KNN - Max Heap k=1: 
[[(2,  5.91607978)]
 [(2, 22.91287847)]]
KNN - Max Heap k=2: 
[[(1,  8.94427191) (2,  5.91607978)]
 [(1, 27.38612788) (2, 22.91287847)]]
KNN - Max Heap k=3: 
[[(0, 14.96662955) (1,  8.94427191) (2,  5.91607978)]
 [(0, 33.67491648) (1, 27.38612788) (2, 22.91287847)]]


## KNN Brute Force - Median of Medians To Find Top K
Here we use brute force KNN to find find all distances, then we will use the Median of Medians algorithm to find the smallest K. Finding smallest K will have a time complexity of O(n).

### Median of Medians
Median of Medians is an selection algorithm that finds the kth order statistic of an unordered list in O(n) time complexity.

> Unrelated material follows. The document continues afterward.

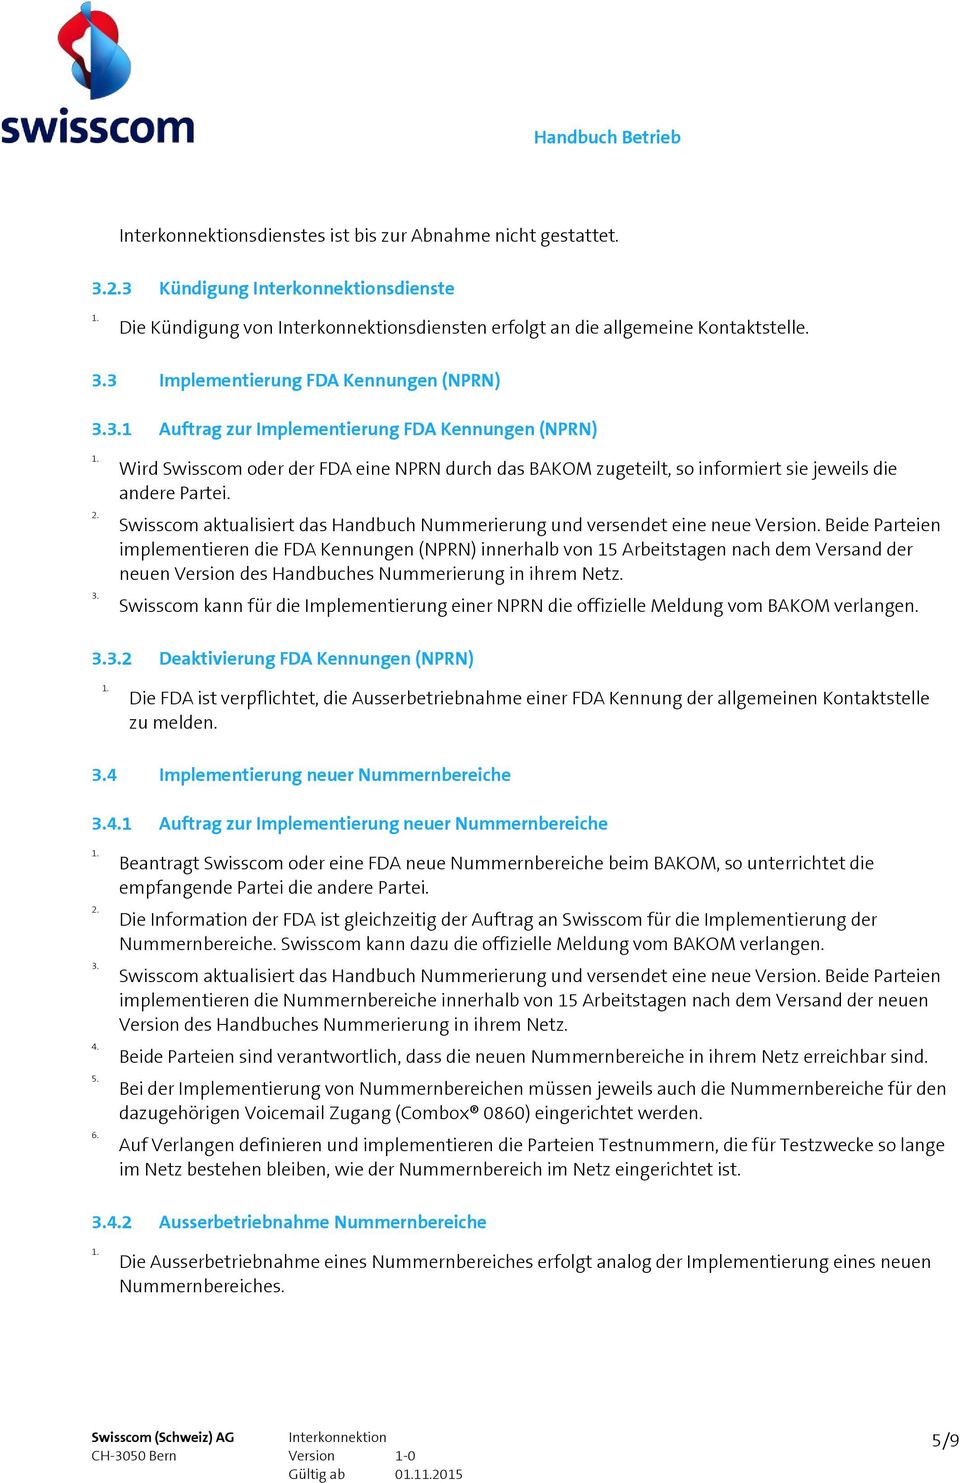 Swisscom aktualisiert das Handbuch Nummerierung und versendet eine neue Version.

To find the smallest k, we will find the kth order statistic and then find all elements equal to or smaller than that order statistic.

In [67]:
def medians_of_medians(array, k=0):
    
    # Base Case When Small Array Is Given - Just Find Median
    if array.size <= 5:
        return np.sort(array)[int(k)]
    
    # Make Lists Of Size 5 From Original Input    
    subsets_size_five = np.array(list(map(lambda x: array[x:x+5], range(0, array.size, 5))))
    
    # Find The Median Of Every Sublist
    # If Sublist Even Return One Of The Two Numbers
    median_of_subsets = np.array(list(map(lambda x: np.sort(x)[int(x.size/2)], subsets_size_five)))
    
    # Find Median Of List Of Medians
    mom = medians_of_medians(median_of_subsets, int(median_of_subsets.size/2))
    
    # Make Two Lists: Numbers Greater Than Median Of Medians and Less Than Median Of Medians
    left = array[array < mom]
    right = array[array > mom]
    
    # Position of Median Of Medians
    pos_of_mom = left.size
    
    # Explore Numbers To Left or Right Unless We Found The Kth Order Statistic
    if pos_of_mom < k:
        return medians_of_medians(right, k-pos_of_mom-1 )
    elif pos_of_mom > k:
        return medians_of_medians(left, k)
        
    return mom
    
print("Note Order Statistics Start At 0 And End at n-1")
print("Data: " + str(np.array(range(17, 0, -1))))
print("0 Order Statistic: " + str(medians_of_medians(np.array(range(17, 0, -1)), 0)))
print("3rd Order Statistic: " + str(medians_of_medians(np.array(range(17, 0, -1)), 3)))
print("8th Order Statistic: " + str(medians_of_medians(np.array(range(17, 0, -1)), 8)))
print("14th Order Statistic: " + str(medians_of_medians(np.array(range(17, 0, -1)), 14)))
print("16th Order Statistic: " + str(medians_of_medians(np.array(range(17, 0, -1)), 16)))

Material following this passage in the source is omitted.